Speaker 1:Yeah, I think in the world that we live in right now, it's quite difficult for people to think that they always need to have an answer. They always need to have this career and have everything figured out. Yeah, for someone who's really struggling now to figure out who they are and they're attaching themselves to their job identity, what kind of advice would you give them?
Speaker 2:I think this will go back to some of the stuff that we were talking about in terms of authenticity, you know, and roaming, and who are you when you're not performing for society and for your friends and family? Who are you? Who is that person and how can we get her to come out and play more and to surface more often? Tap into, reconnect to that voice and do so again through an evolution, not a sudden revolution that may have negative consequences. At every step of our life, we're capable of redesigning, pulling up our blueprints and understanding that this was designed at a different time, a different me, a different self, a different situation, a different location. And so what do I want the house of me to look like today? And to celebrate what was learned as a result of or how far this blueprint got me.
Speaker 2:It's not that we need to rip it up and throw it away, but you're building on it with experience and wisdom. And so where do where do we go from here? Get me out of autopilot, get me more into a more deliberate design modality to be able to co-create the plan and have a new blueprint for what's to come.
Speaker 1:Thank you for that answer. So, because it's called the Detach podcast, what would you detach yourself? That's limiting you today? Wow.
Speaker 2:So very beautifully led into the blueprint. I would pull up my blueprint and I'd say I'd look at what's serving me, what have I achieved how far? What gets you here may not get you here, and so what has worked to get me here that may not now serve me to get me to my next step or to my next adventure, to the next chapter of my life.
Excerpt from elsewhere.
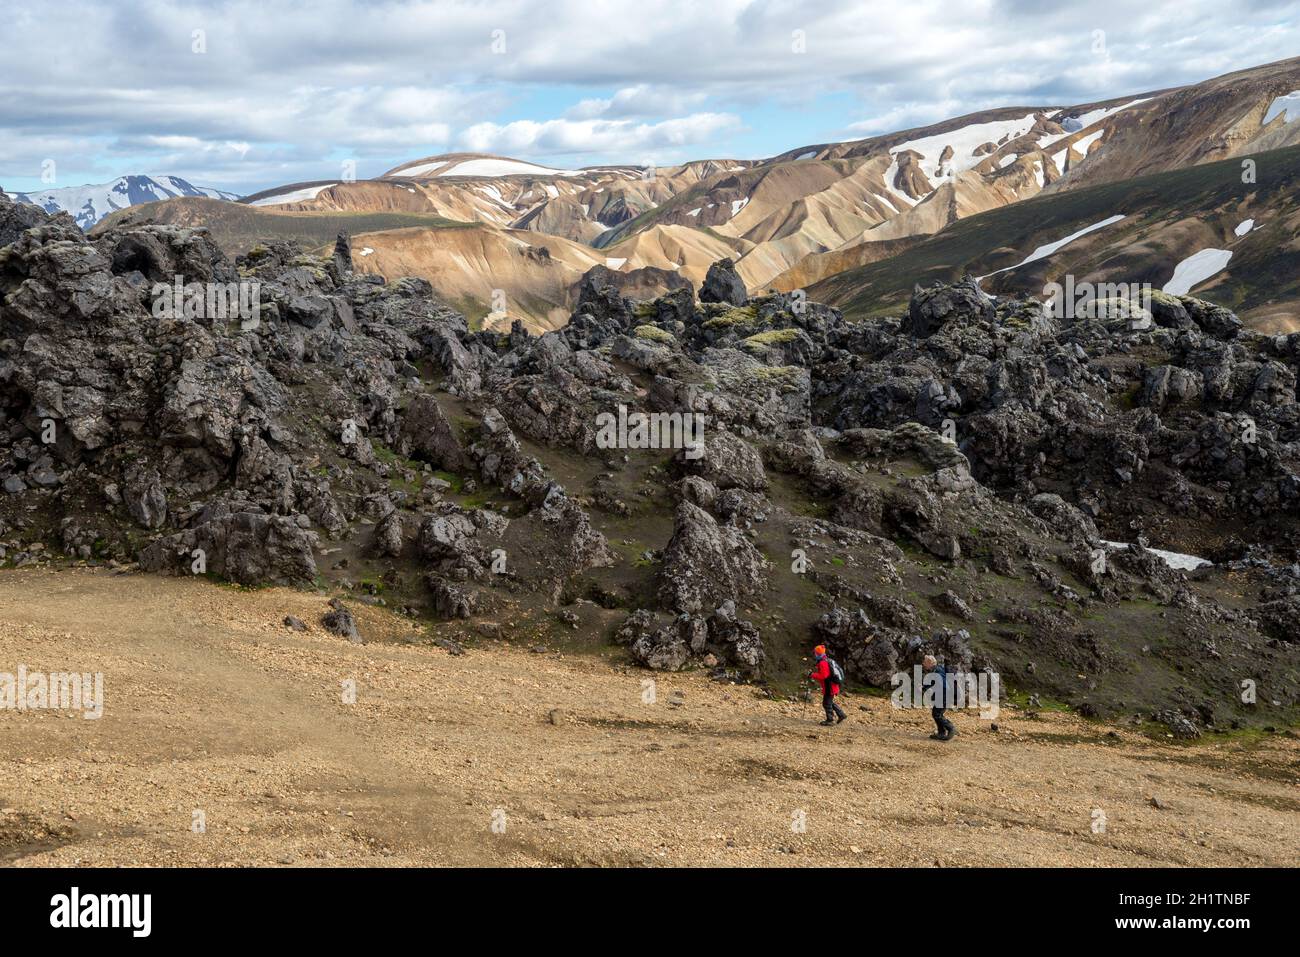 Landmannalaugar, Islande - 30 juillet 2017 : randonneurs dans les montagnes volcaniques de Landmannalaugar, dans la réserve naturelle de Fjallabak. Islande Banque D'Images

And so I'd get rid of that blueprint and when I'm ready, when I've planned enough, when I've decided the sort of exterior and interior of that blueprint, I get down to design a new one.
Speaker 1:Thank you so much for your time and this beautiful conversation. I feel like I need to go home and revise your blueprint.
Speaker 2:Thank you. It's really a pleasure having this conversation with you and I really enjoyed it. Thank you, thank you.